Читаем Биография Бога: Все, что человечество успело узнать полностью

Быть может, сейчас, когда сама наука делается менее определенной, пора вернуться к теологии, которая не столько говорит, сколько открыта молчанию, неведению. Диалог с более глубокими сократическими формами атеизма может пригодиться для отказа от идей, которые стали идолопоклонством. В прошлом «атеистами» часто называли людей новой религиозной формации: скажем, Еврипида и Протагора – за отрицание олимпийских богов в пользу трансцендентной теологии, первых христиан и мусульман – за отрицание традиционного язычества. Когда в ресторане нам предлагают блюдо с острым вкусом, после него приходится полоскать рот, чтобы спокойно наслаждаться следующим кушаньем. Умный атеистический критик – это своего рода полоскание, очищающее ум от легковесной теологии, которая лишь затрудняет понимание божественного. Быть может, нам придется временно пережить то, что мистики называли «темной ночью души» или «облаком неведения». Для людей, привыкших получать информацию одним кликом «мышки», это нелегко. Однако новизна и необычность этой негативной способности может пробудить в нас осознание, что логические доводы не единственный способ познания. Не только лишь один поэт Китс был способен, ожидая нового вдохновения, учиться быть способным «пребывать в неясности, загадках и сомнениях, не устремляясь нервно к фактам и разуму».

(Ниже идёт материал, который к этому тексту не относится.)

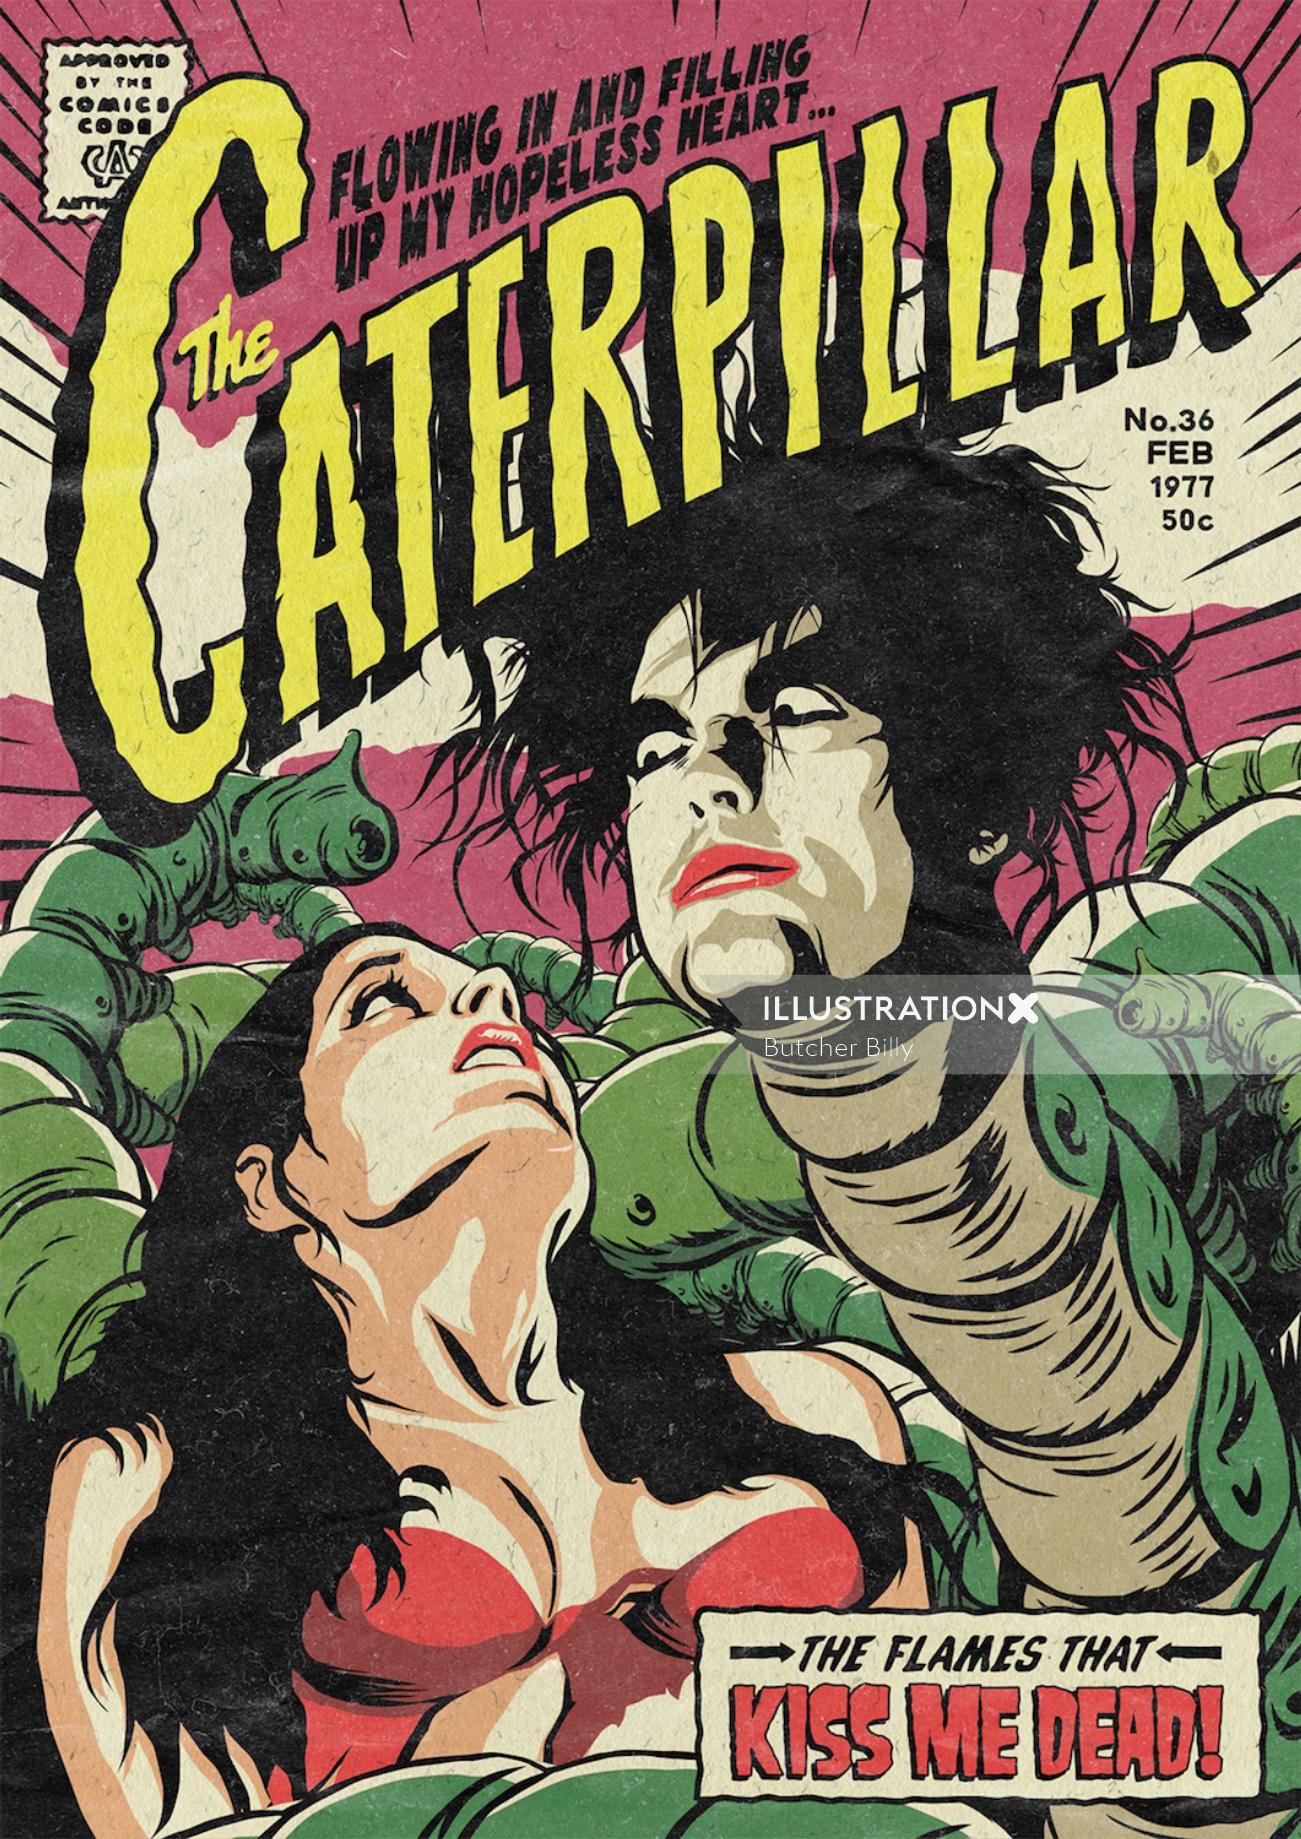 The caterpillar graphic illustration

Однако неужели невозможно быть верным неведомому и неопределимому Богу? Неужели мы обречены на вечное возвращение постмодернистской мысли? Быть может, единственная адекватная «естественная теология» находится в области духовного опыта. Я не имею в виду пылкое и эмоциональное благочестие. Как мы уже видели, теологи и духовные наставники прошлого с подозрением относились к подобному религиозному «позитивизму». Шлейермахер и Бультман, Ранер и Лонерган призывали нас не искать экзотического опыта, а отмечать, как в самых обыденных вещах ум выводит нас в трансцендентное. Следует не искать Бога где-то «вовне» ( foris ), во вселенной, а обратить взор в глубь себя и осознать, как самые обычные реакции переходят в «инаковость» (об этом есть и у Августина). Мы видим, что учителя вроде Дионисия использовали саму ограниченность языка, чтобы обратить внимание на молчание, лежащее по ту сторону речи. Неслучайно говорят, что музыка, которую мы в начале книги определили как деятельность рациональную, представляет собой «естественную теологию». [1048] В музыке ум переживает чистую и непосредственную эмоцию, которая выходит за рамки «я», где смешиваются объективность и субъективность.

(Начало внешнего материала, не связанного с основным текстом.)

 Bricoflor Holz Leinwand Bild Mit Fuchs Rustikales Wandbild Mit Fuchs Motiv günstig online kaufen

Как неоднократно подчеркивал Василий Великий, «усия» Бога непознаваема: со своим ограниченным чувственным восприятием мы можем лишь улавливать ее следы («энергии»). Очевидно, что медитация, йога и ритуалы, оказывающие эстетическое воздействие на конгрегацию, способны серьезно изменить личность, если их прилежно соблюдать годами (чем не «естественная теология»?) Никаких эффектных «рождений свыше», – лишь медленная, постепенная, неощутимая трансформация. Особенно же практика сострадания и исполнения «золотого правила» «денно и нощно» требует постоянного кеносиса. Непрестанный выход за рамки собственных предпочтений, убеждений и предрассудков приносит ekstasis , который не есть упоительный экстаз, а сам собой представляет трансцендентность. Об этом говорил, в частности, ученик Конфуция Янь Хуэй. В результате подобных практик мы не получаем ни точной информации о Боге, ни уж тем более – научного «доказательства». Однако нечто необъяснимое совершается с людьми, которые отдают им свои силы и способности. Людям внешним этого не понять, как и обряды элевсинской мистерии показались бы банальными и глупыми тем, кто упрямо оставался за пределами Культового зала и отказывался пройти инициацию.

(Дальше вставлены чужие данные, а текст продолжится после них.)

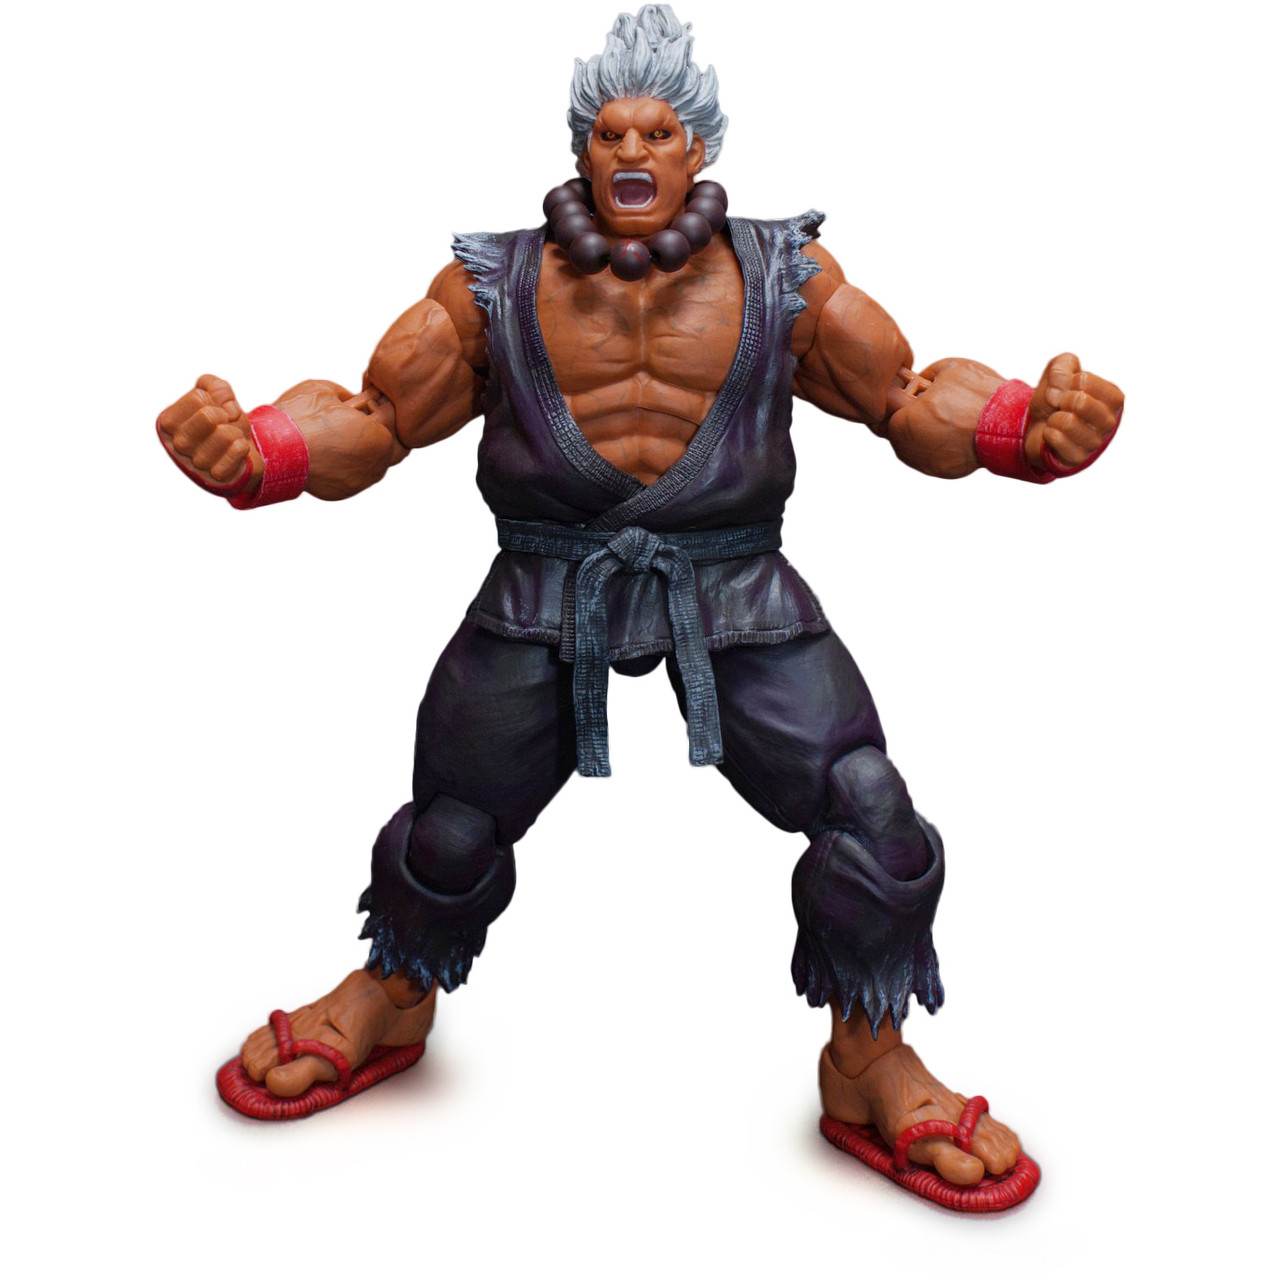 Street Fighter V Akuma 1:12 Action Figure

Подобно древним верховным богам, отдаленный Бог философов мало-помалу исчезает из людских душ. Новое время с его «научной религией» вывело Бога вовне, как блейковского «Тигра» – «в небеса и глубины». Однако более древняя религия сознательно гуманизировала сакральное. Брахман – это не отдаленная реальность: он тождествен Атману каждого существа. Конфуций отказывался давать определение понятию «жэнь» (впоследствии его переводили как «гуманность»), ибо оно непостижимо для того, кто не знаком с ним по личному опыту. Однако обычным значением этого слова во времена Конфуция было просто «человек»! Соответственно, речь идет о «человечности». Святость – это не «сверхъестественное» явление: как объяснял конфуцианец Сюнь-цзы, она есть тщательно культивируемый подход, который делает человека тоньше, возвышает его природу на богоподобный уровень. [1049] Когда буддисты размышляли о спокойствии, уравновешенности и самоотверженности Будды, они приходили к мысли, что в нем явлена непостижимая Нирвана. Будда как бы есть Нирвана, выраженная человеческим языком. Они также знали, что это состояние достижимо для людей: если они будут следовать буддийскому методу, они и сами его обретут. Сходный опыт был у христиан, когда подражание Христу приносило им «обожение» ( теосис ).